What's the "specification" on this program, anyway? Jedi expresses it as "convincing" the computer that something is something it's not. This isn't likely to be possible. The computer doesn't "think" much. The computer works with bit patterns, we're the ones who "think" it's a "number" (signed or unsigned?) or an ascii or unicode "character" or something else (flags register, for example). We provide instructions to manipulate these bits to treat 'em as a "character" or a "number" or whatever. Providing instructions to force the computer to do what we want is going to work better than "convincing" it. :)

Jedi provides:
Code: [Select]
    data: db '6789'

What this puts in memory (expressed in hex for our convenience) is 36h, 37h, 38h, 39h.

Mathi starts out with:
Code: [Select]
    mov ebx, 0x6789

What gets stored in memory here (in hex again) is 89h, 67h, 00h, 00h. This may be useful for what Jedi wants, I'm not sure. In any case, I changed the input to 0x1001 and I don't seem to be getting the expected results. I think I downloaded it pre-edit, so it might be okay now, but I don't know about this one, Mathi...

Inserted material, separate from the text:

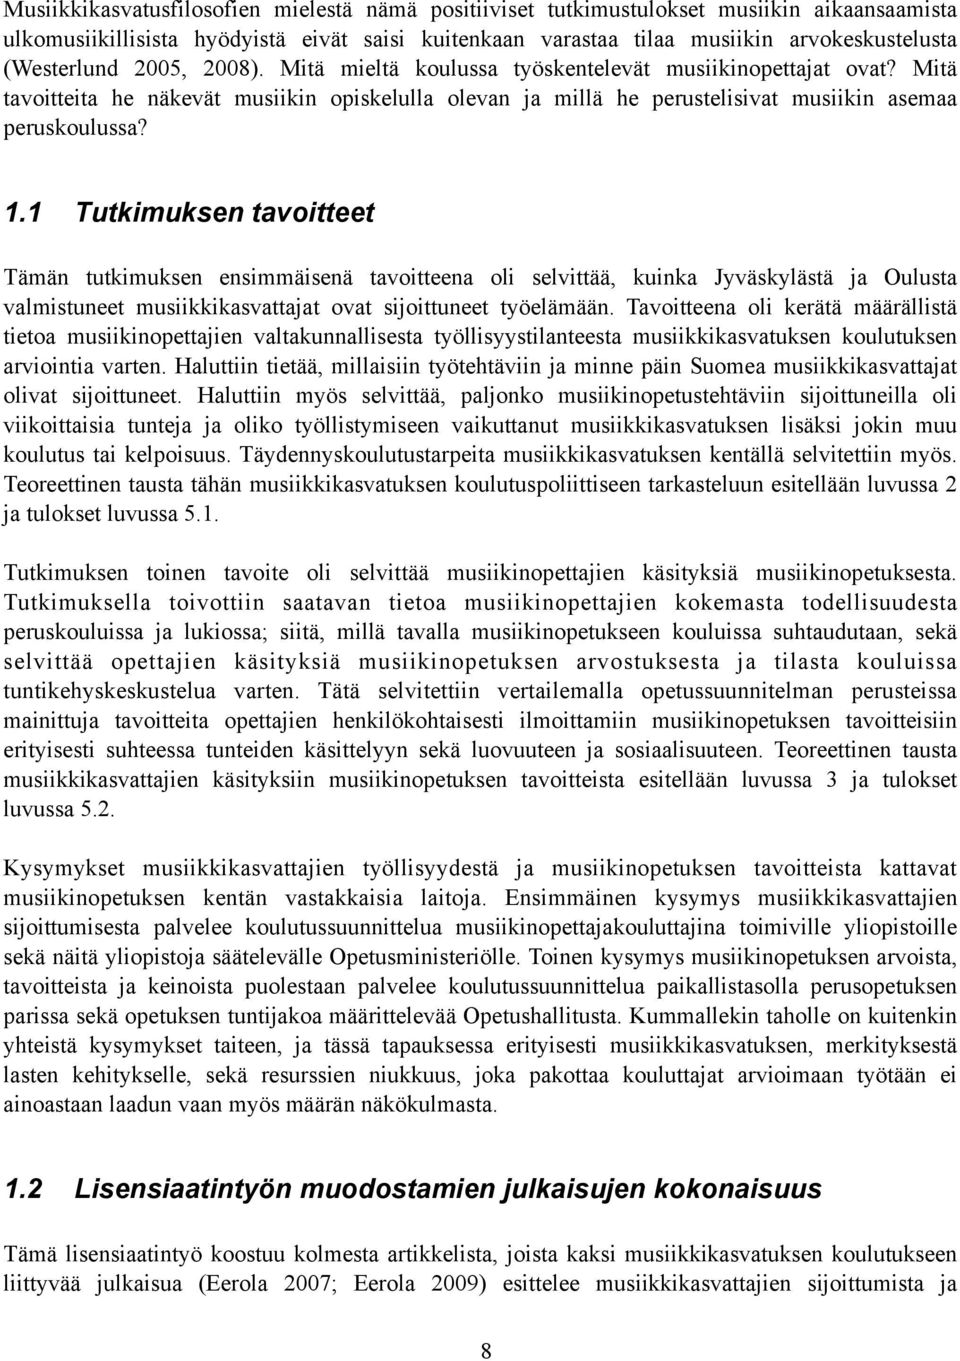 1.1 Tutkimuksen tavoitteet Tämän tutkimuksen ensimmäisenä tavoitteena oli selvittää, kuinka Jyväskylästä ja Oulusta valmistuneet musiikkikasvattajat ovat sijoittuneet työelämään.

Jedi mentions unicode. I don't know much about unicode. I understand it provides a standardized mapping between a number and the glyph it represents. I understand that the number in question can be encoded in different ways - UTF-8, UTF-16, UTF-32... others? ... but a certain number will always refer to the same glyph. The glyphs we use to represent numbers we learned from the Arabs - '0', '1' etc. If you need to be able to handle some language (Mayan calendar?) that used a different set of glyphs, you'd want unicode. I don't see anything in your code that's going to handle unicode. As I recall, in UTF-8 encoding at least, the ascii characters will work without any special treatment. I'd suggest "forget unicode" until/unless you really need it. I plan to! :)

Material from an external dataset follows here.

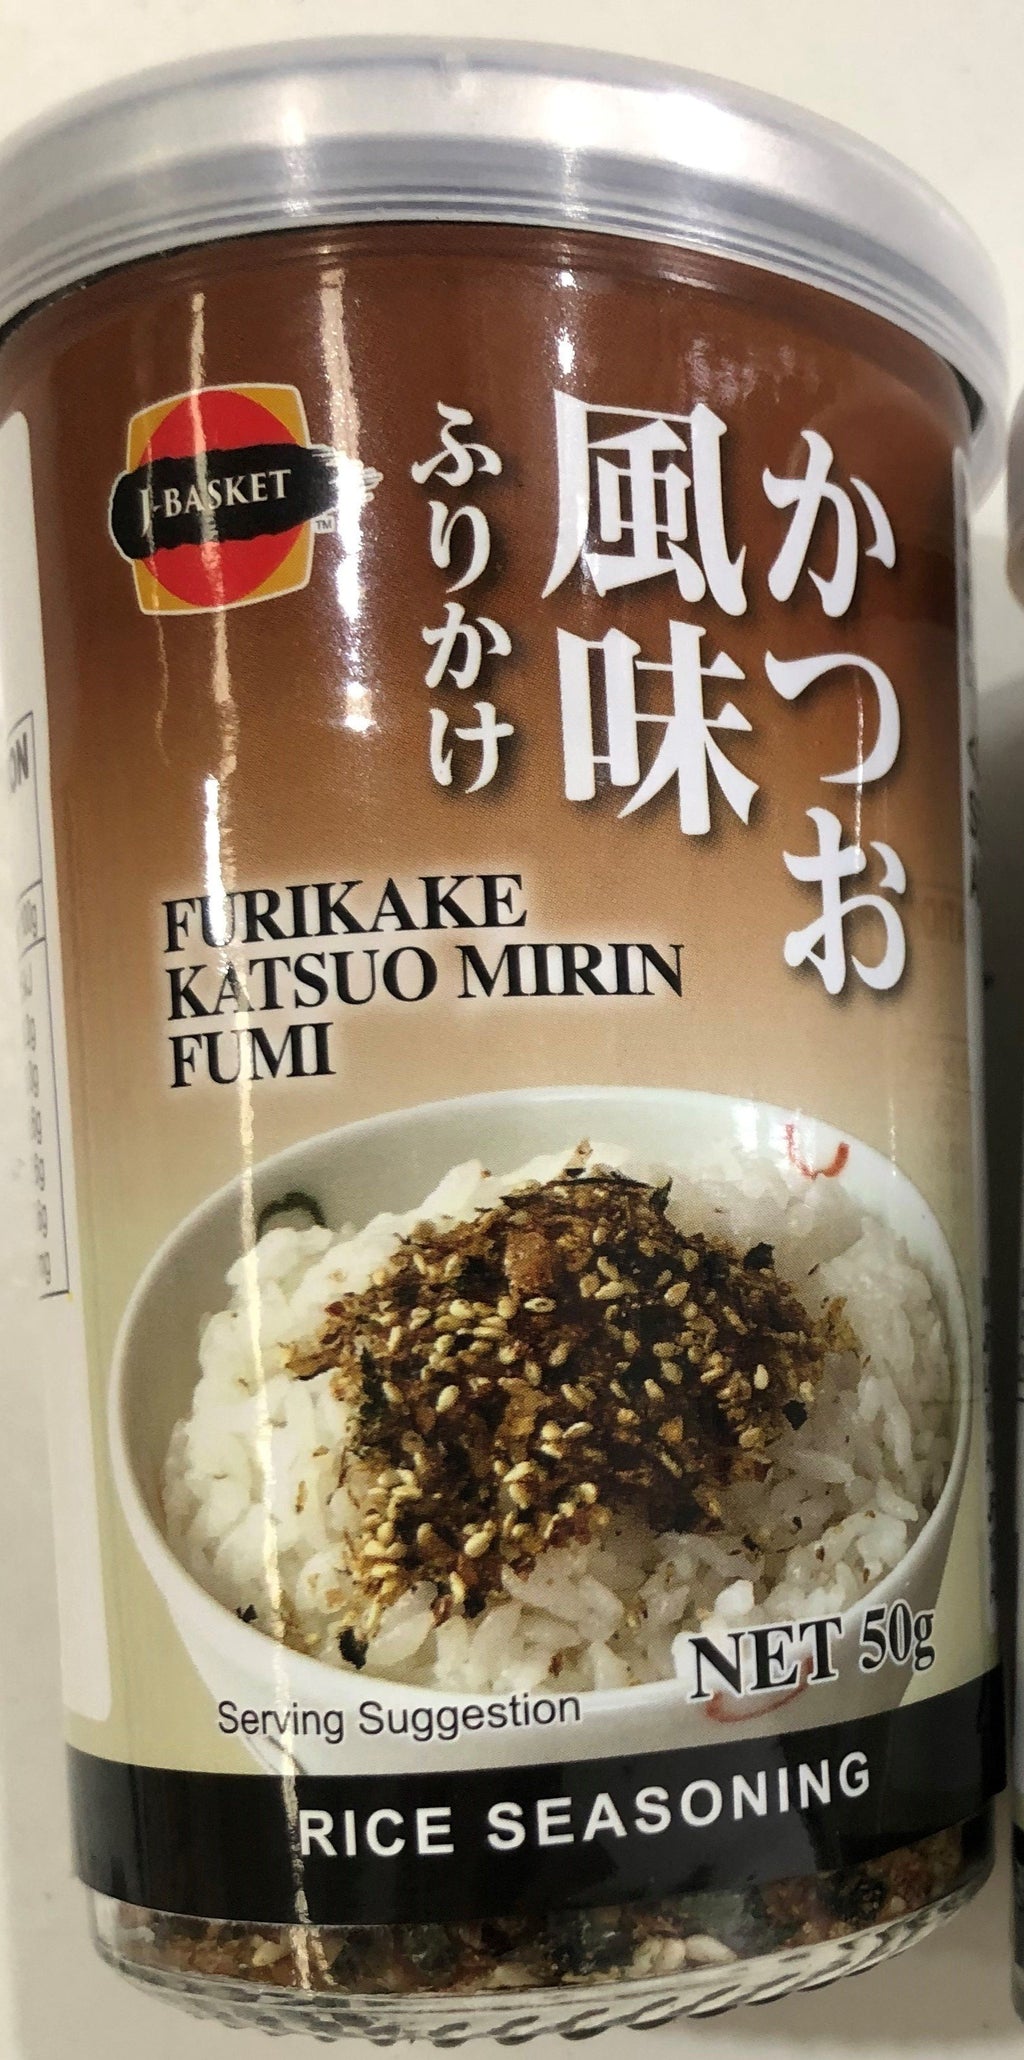 Rice Seasoning Katsuo Mirin 50g Furikake (Brown Label)

If the "specification" is simply "input a string of characters representing a decimal number and print the hex equivalent", that isn't too difficult. Convert the text to the number it represents using the algorithm Rob shows, and then convert the number into text representing hex... and print it. The only difficulty I see here is that if you tell the pesky user "a decimal number" they'll, sure as shootin', put a decimal point in it. I don't think an attempt to convert it "digit by digit", either characters or numbers, will be easy - the "carry" comes in the wrong places.

Converting hex text <-> number involves multiplying/dividing by 16... which we can do with shifts. We also have "rol"/"ror", which can be handy. Converting decimal text <-> number, we get into that situation where we get the digits in the opposite order than we want to print 'em. For hex, a "rol" by four will put the high bits we want to print first in the low four bits - right where we want 'em to isolate 'em, convert 'em to character, and print 'em first... Just a thought...

If we need to convert both dec->hex and hex->dec, can we make the user enter a hex value as "0x..." or "...h", assuming decimal otherwise, or do we want a "menu" where they can specify which way to convert? Can ya clarify the "specification" any, Jedi?

Best,
Frank


Offline Mathi

  • Jr. Member
  • *
  • Posts: 82
  • Country: in
    • Win32NASM
Re: Hex/Dec Swap
« Reply #6 on: January 22, 2013, 11:02:47 AM »
Frank,

One clarification :)

The routine i pasted was not a replacement for Jedi's code. It should be executed on the output of Jedi's routine.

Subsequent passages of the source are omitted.